The univariate and multivariate association of clinical variables at diagnosis with time to grade reclassification are in Table 3 (and Supplementary Table 1). In multivariate Cox proportional hazards modeling (n=605), percent of cores containing cancer at diagnosis, BMI, and PSA density were significantly associated with grade reclassification (P=0.01, 0.04, 0.04, respectively). Analysis excluding individuals who used 5ARI did not alter the conclusion, and the rate of reclassification was the same in the participants excluded from multivariable analysis due to missing variables as in the full cohort. Modeling for the outcomes of either grade or volume reclassification or of treatment are similar (Supplementary Tables 2&3).

Table 3. Cox Proportional Hazards Models for time to grade reclassification.

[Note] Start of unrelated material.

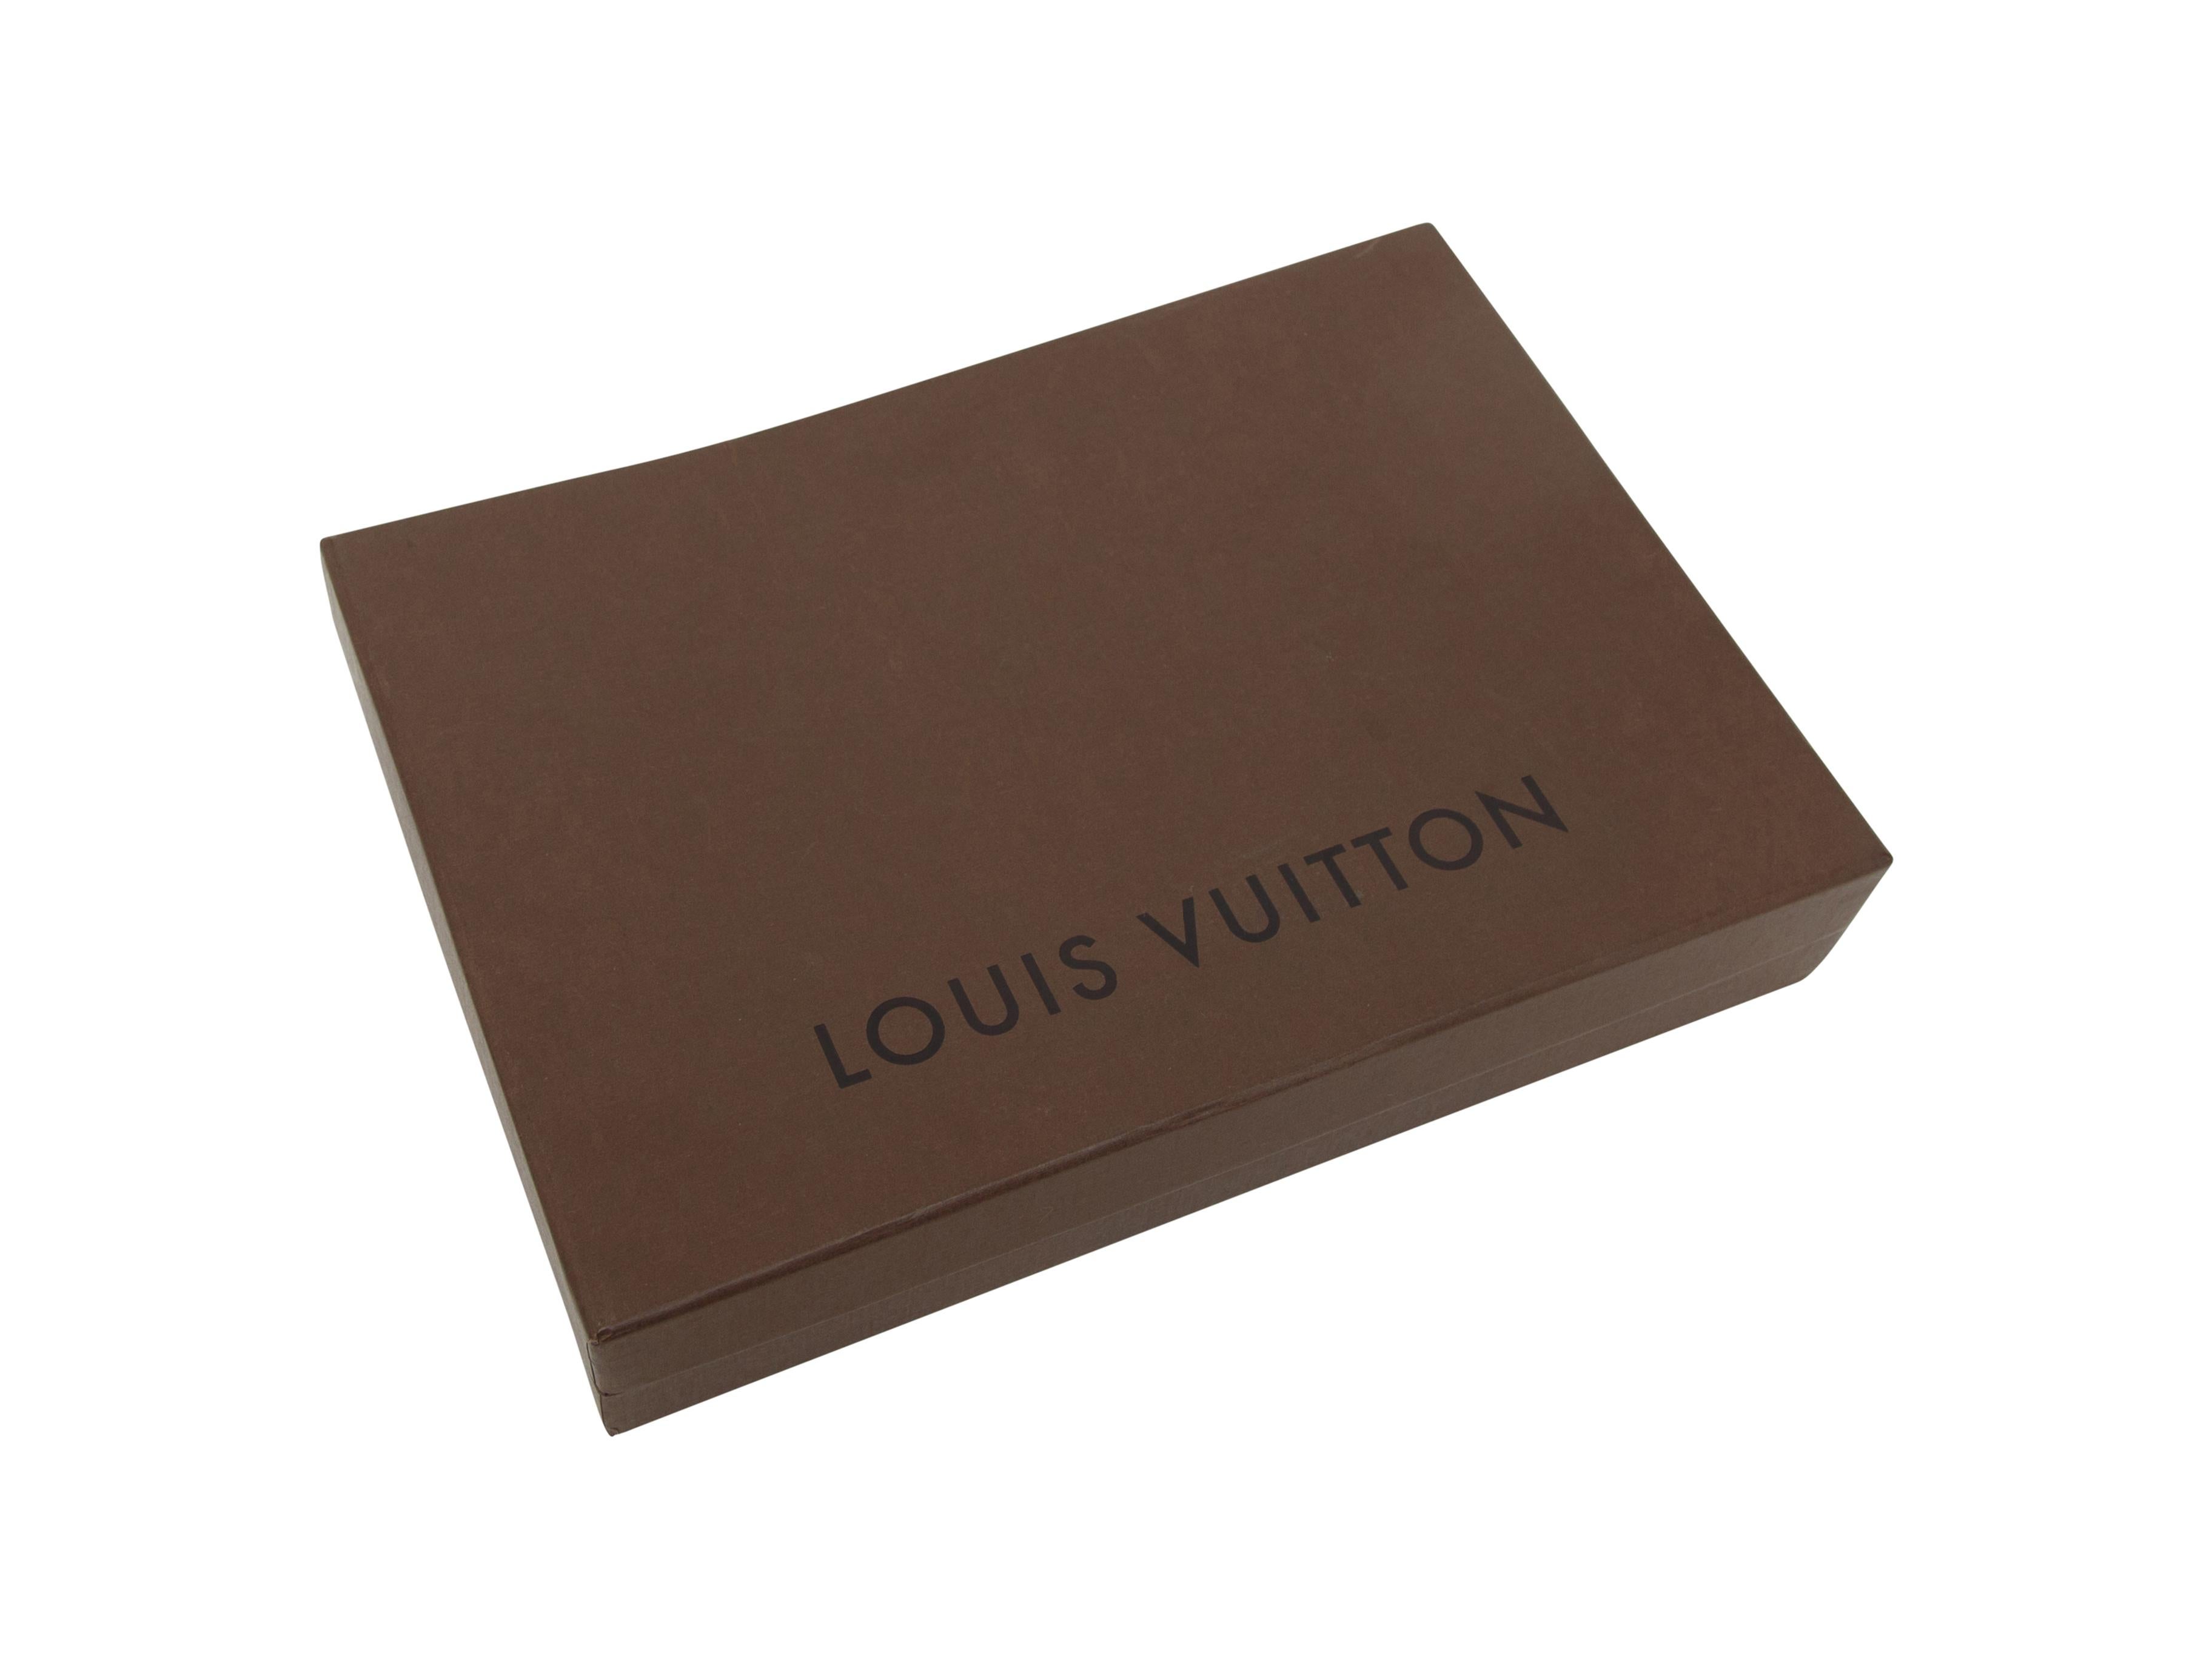 Product details: Cream satin headband by Louis Vuitton. From the Spring/Summer 2013 Collection. Bow accent at top. 5.5

Modeling for the outcomes of time to either grade or volume reclassification or time to treatment are similar and are shown in Supplementary Material (Tables 2 and 3).

Time to grade reclassification
Univariate Multivariate
Variable N Adjusted Haz. Ratio (95%CI) P-Value N Adjusted Haz. Ratio (95%CI) P-Value
Age
 < 55 137 reference 93 reference
 55 – 65 464 1.03 (0.66,1.62) 0.45 310 1.08 (0.59,1.97) 0.82
 > 65 304 1.24 (0.78,1.98) 202 1.19 (0.64,2.23)
Clinical T-Stage
 T1 804 reference 541 reference
 T2a 96 1.06 (0.68,1.64) 0.29 60 0.91 (0.50,1.65) 0.26
 T2b/c 5 3.05 (0.76,12.32) 4 3.31 (0.77,14.16)
PSA
 0 – 3.99 266 reference 166 reference
 4.0 – 10.0 578 1.78 (1.25,2.52) <0.01 387 0.96 (0.58,1.59) 0.98
 >10.0 61 1.56 (0.83,2.91) 52 0.91 (0.38,2.17)
Percent Cores Containing Cancer
 1 – 10 414 reference 314 reference
 11 – 30 315 1.87 (1.32,2.64) <0.01 243 1.81 (1.21,2.73) 0.01
 >30 59 2.57 (1.52,4.35) 48 2.13 (1.14,3.95)
Family History
 No 634 reference 446 reference
 Yes 229 0.95 (0.68,1.34) 0.78 159 0.98 (0.65,1.49) 0.92
Race
 Caucasian 816 reference 545 reference
 African American 52 1.31 (0.73,2.36) 0.19 38 1.39 (0.70,2.76) 0.50
 Other 31 1.70 (0.89,3.22) 22 1.43 (0.57,3.61)
BMI
 <25 230 reference 155 reference
 25 – 29.9 457 0.97 (0.68,1.39) 318 1.15 (0.72,1.83)
 30 – 34.9 154 1.29 (0.84,1.97) 0.03 92 1.71 (0.96,3.03) 0.04
 >35 64 1.93 (1.15,3.24) 40 2.38 (1.2,4.70)
PSA Density
 0 – 0.10 296 reference 235 reference
 0.101 – 0.15 212 1.19 (0.78,1.80) 181 0.97 (0.57,1.62)
 0.151 – 0.30 176 2.12 (1.44,3.11) <0.01 153 1.85 (1.09,3.13) 0.04
 >0.30 43 1.28 (0.63,2.61) 36 1.08 (0.41,2.80)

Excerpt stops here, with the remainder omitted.